Cette tribune, remarquable comme les précédentes – que JSF a toujours reprises avec vif intérêt, – est parue dans Le Figaro d’hier 29 septembre. Nous ne voyons pas l’utilité, ni sous l’angle historique, ni sous l’angle politique, d’y ajouter un commentaire. On y trouve matière à ample réflexion et sans doute à commentaires et débat.
TRIBUNE – Des élections législatives se tiendront le 5 octobre en Syrie, donnant enfin aux habitants la liberté de choisir leurs représentants. Cet espoir ne doit toutefois pas faire oublier les événements inquiétants survenus en 2025, qui rappellent les logiques de nettoyage ethnique du passé, souligne l’historien.
* Normalien, agrégé et docteur en histoire, professeur d’histoire des sociétés arabes et berbères contemporaines à l’université Paris 1 Panthéon-Sorbonne, Pierre Vermeren est l’auteur d’une dizaine d’ouvrages remarqués. Il est notamment coauteur d’une Histoire du Moyen-Orient de l’Empire ottoman à nos jours (Éditions de la Sorbonne, 2016).

Cent cinquante-cinq ans après les massacres estivaux de 20 000 chrétiens commis à Damas et dans la montagne libanaise, qui ont mobilisé Napoléon III et Abdelkader, et cent trente ans après les massacres hamidiens d’au moins 200 000 chrétiens arméniens commis en Anatolie ottomane, qui ont mobilisé Jaurès et Clemenceau, les logiques génocidaires et de nettoyage ethnique et confessionnel pourraient reprendre en Syrie. Plusieurs événements inquiétants survenus en 2025 n’ont pas mobilisé grand monde. Il est heureux que les législatives du 5 octobre prochain donnent enfin aux Syriens la liberté de choix de leurs représentants. Un immense espoir s’est levé en dépit des multiples difficultés d’organisation de ce scrutin. Il faut pourtant raison garder dans un Moyen-Orient martyrisé depuis plusieurs décennies.Publicité
Tous aimeraient que le cauchemar génocidaire qui a culminé au Moyen-Orient dans le triple génocide des chrétiens arméniens, syriaques et grecs pontiques (de la mer Noire), qui s’est échelonné entre 1915 et 1923 – causant 2,5 millions de morts provoquées – ait à jamais pris fin. Mais alors que l’Occident s’acharne depuis les années 1960 à devenir une société multiethnique et multiculturelle, le Moyen-Orient n’en finit pas de chasser et de massacrer (si besoin) ses minorités, pour tenter de devenir une terre islamique monocolore – tantôt sunnite, tantôt arabe, tantôt turque, tantôt chiite… De multiples indignés nous invitent à regarder et à nous focaliser sur la bande de Gaza, où un « génocide » serait à l’œuvre depuis deux ans ; beaucoup semblent même le désirer pour rétablir une forme d’équilibre macabre – et repartir la charge des accablements historiques.
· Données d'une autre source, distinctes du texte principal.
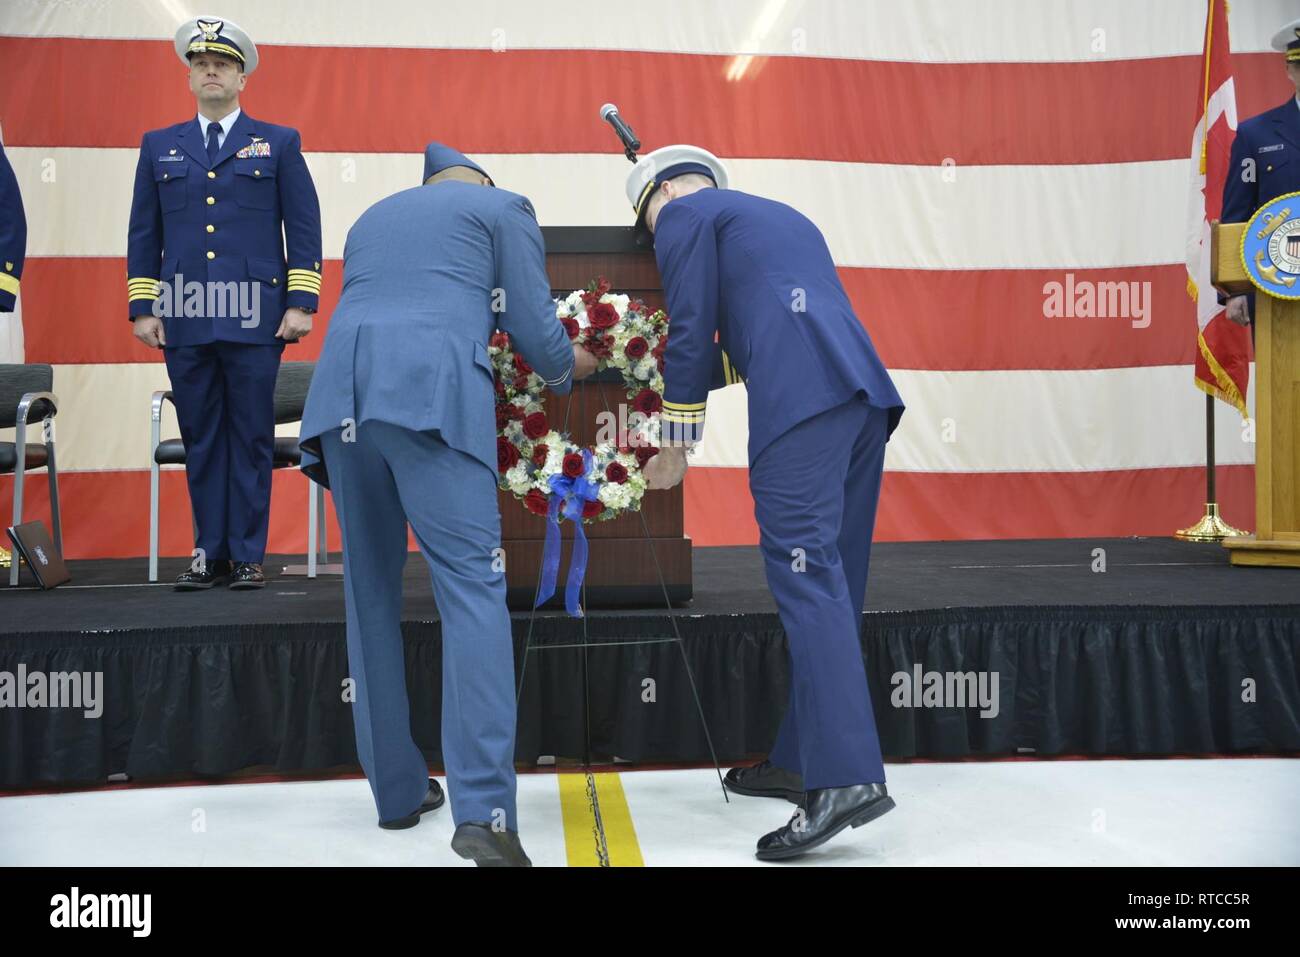 U.S. Coast Guard Lt. Cmdr. John Filipowicz and Royal Canadian Air Force Capt. Pete Wright present the wreath marking the 40th anniversary four aircrew members of Aircraft 1432 gave the ultimate sacrifice, Wednesday, Feb. 13, 2019, Cape Cod, Massachusetts. Both pilots, one crewmember, and a corpsman lost their lives in the accident, while the flight mechanic survived and was rescued by the fishing vessel. Stock Photo

Or d’inquiétants bruits de bottes et de massacres sont provenus en juillet de la montagne druze, dans le sud de la Syrie, où la France a mené il y a exactement un siècle une guerre qui s’était propagée à tout le pays. La ville de Soueïda, au cœur d’une poche où se seraient réfugiés 500 000 Druzes (une religion initiatique que les sunnites jugent mécréante), a été encerclée par l’armée syrienne et des Bédouins locaux. Près d’un millier de Druzes ont vraisemblablement été abattus par leurs assaillants. Israël et les Druzes du Golan (150 000 y résident) sont intervenus, et un arrêt des combats a manifestement été établi, sans que l’on sache très bien comment la population encerclée a été traitée. Américains et Jordaniens seraient à la manœuvre pour calmer les tensions.
Ambitions impériales
Cela commence à faire beaucoup. En effet, en mars, la minorité alaouite (deux millions de personnes), qui porte le poids d’avoir été la source communautaire du pouvoir des el-Assad, a été attaquée, des villageois abattus ou égorgés (1 500 en mars – dont 1 000 civils – selon Vatican News, et parmi eux des victimes chrétiennes) ; depuis, de nombreuses femmes alaouites auraient été violées ou enlevées, à la manière dont Daech l’a pratiqué avec les Yazidis, cette autre secte montagnarde et syncrétique (communiqué d’Amnesty International du 28 juillet). Le 22 juin 2025, l’église Saint-Élie de Damas a été attaquée par un terroriste qui y a tué en pleine messe 27 chrétiens grecs orthodoxes, et blessé 60 autres.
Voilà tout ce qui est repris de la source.